Para Márcio, que também é advogado, o juiz reconheceu aquilo que não cabia a ele julgar, mas manteve a sentença em relação aos vídeos (não determinando sua retirada). Márcio selecionou 17 vídeos veiculados no Youtube e, em fevereiro, redigiu uma denúncia formal ao Ministério Público (MP) solicitando a retirada imediata dos vídeos. O órgão acatou a denúncia e intimou o Google (administrador do Youtube) a retirar os vídeos em 48hs. Como o Google relutou, alegando que não tinha responsabilidade sobre o conteúdo das mensagens, o Procurador ajuizou ação perante a Justiça Federal do Rio. Relembre o caso aqui
Durante o evento organizado pela Associação Nacional de Mídia Afro, na Associação Brasileira de Imprensa, alguns dos vídeos que motivaram o processo foram exibidos.

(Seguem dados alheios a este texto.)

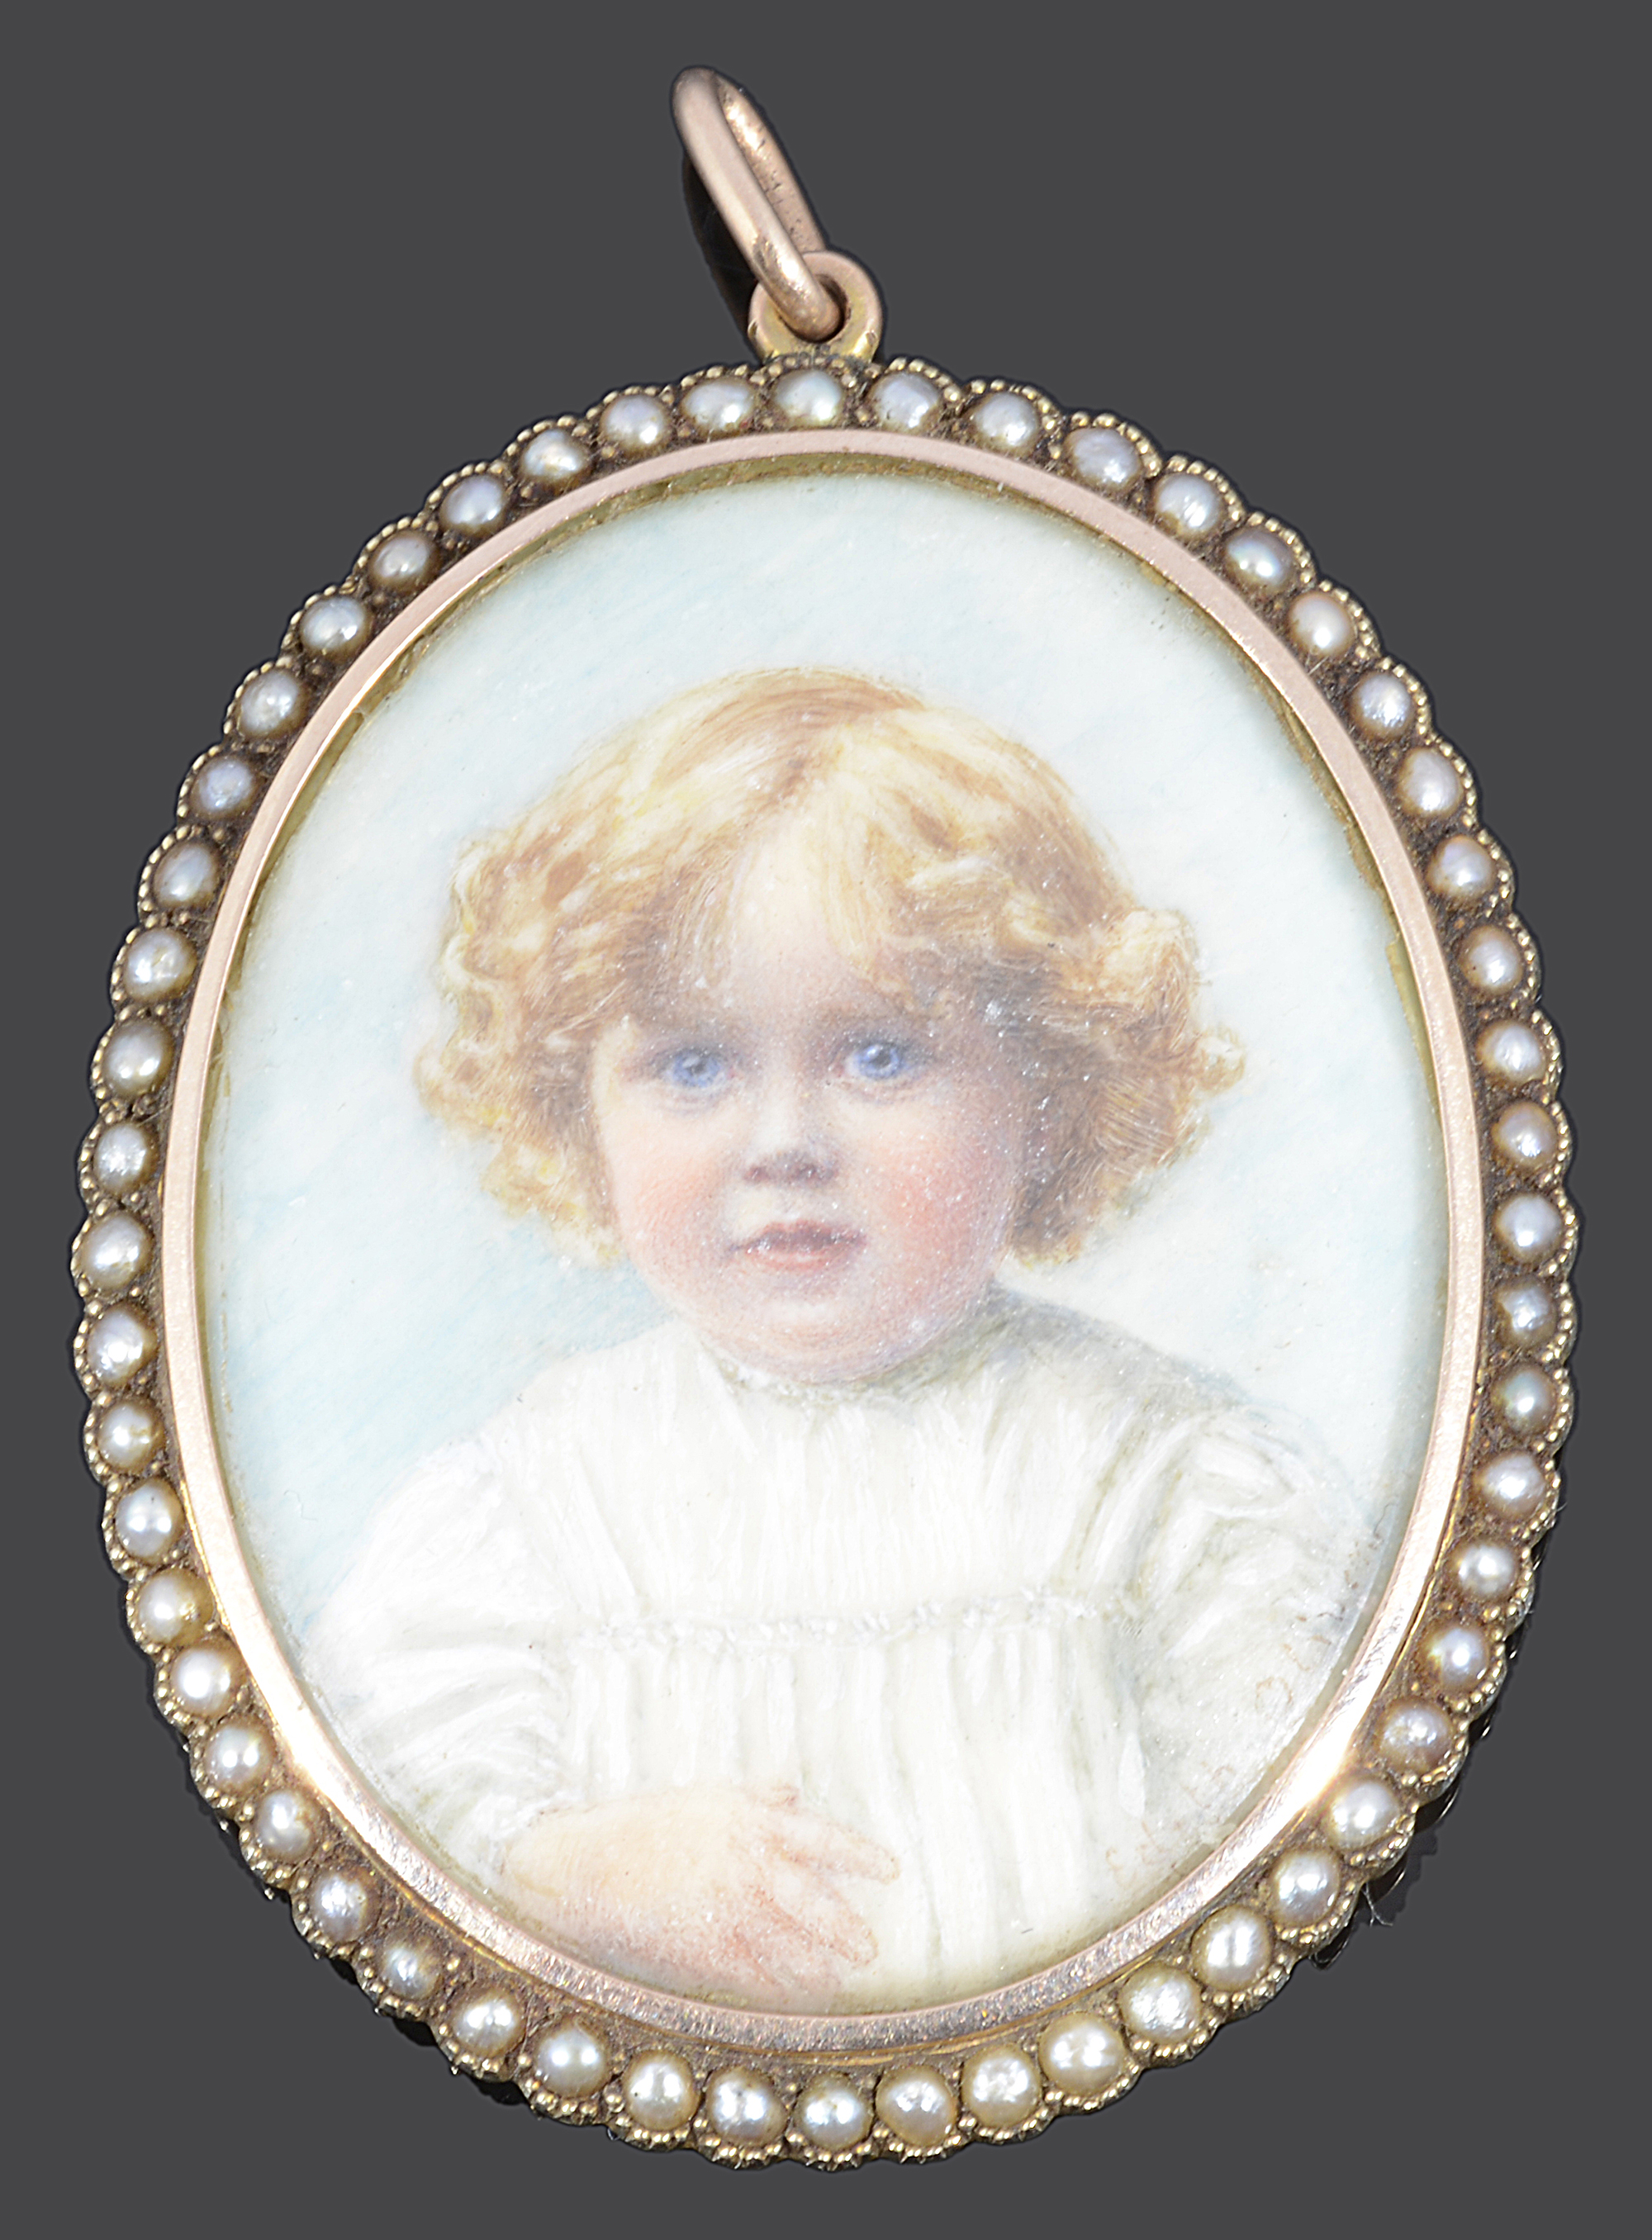 Edith Oliver, Edwardian portrait miniature of a child in gold and pearl set pendant locket

Em resposta, vozes das muitas manifestações religiosas como o judaísmo, islamismo, protestantismo, Hare krishna, seguidores da fé Bahái, das religiões indígenas e ateísmo selaram, de forma inédita, um compromisso a favor da liberdade.
Pedido de retirada dos vídeos
– Nossa religiosidade foi gravemente ofendida com um discurso de ódio. Nós estamos falando de uma sociedade brasileira que é conhecida como fraterna, que convive com diversas religiões, e esses vídeos contrapõem tudo aquilo que parece fazer parte de nossa brasilidade – relembrou Marcio, citando que os vídeos ainda continuam na internet, mas que o encontro fortalecerá o processo.

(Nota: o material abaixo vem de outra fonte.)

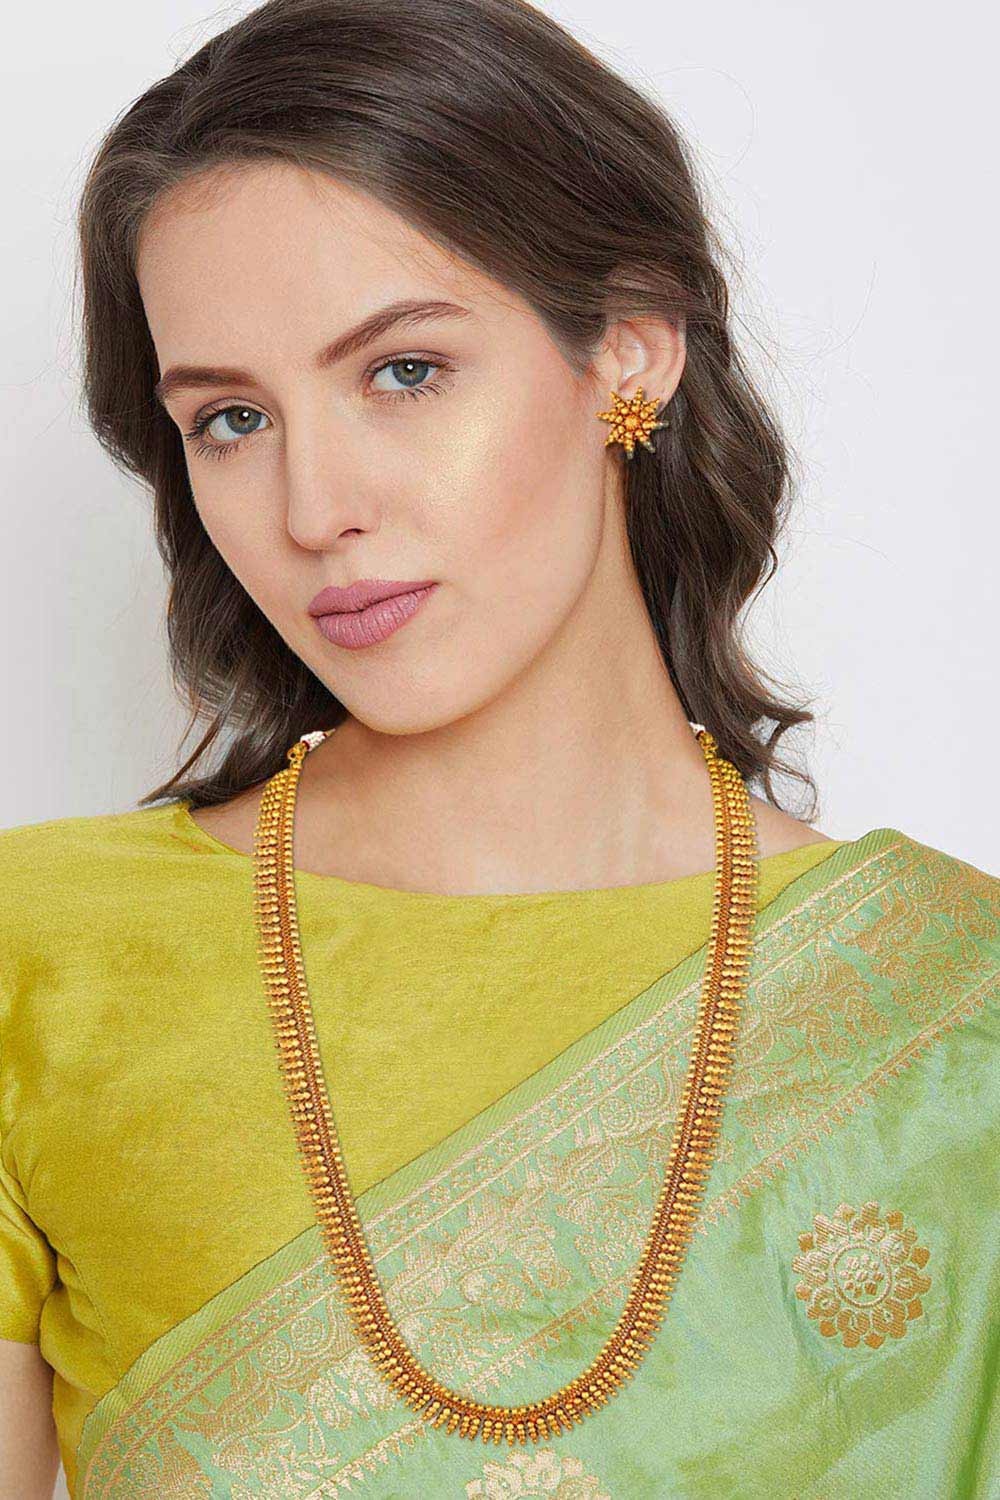 Buy Women's Alloy Necklace & Earring Sets in Gold - Front

Diretora cultural da ANMA (Associação Nacional de Mídia Afro), Inês Teixeira (Mãe Inês de Iansã) contou ao Por dentro da África que a luta é diária e que todas as vezes que ela usa o seu torso (parte da vestimenta do candomblé), ela sente o preconceito e que, por isso, a retirada dos vídeos é um ato importante, seja para os candomblecistas, seja para os umbandistas.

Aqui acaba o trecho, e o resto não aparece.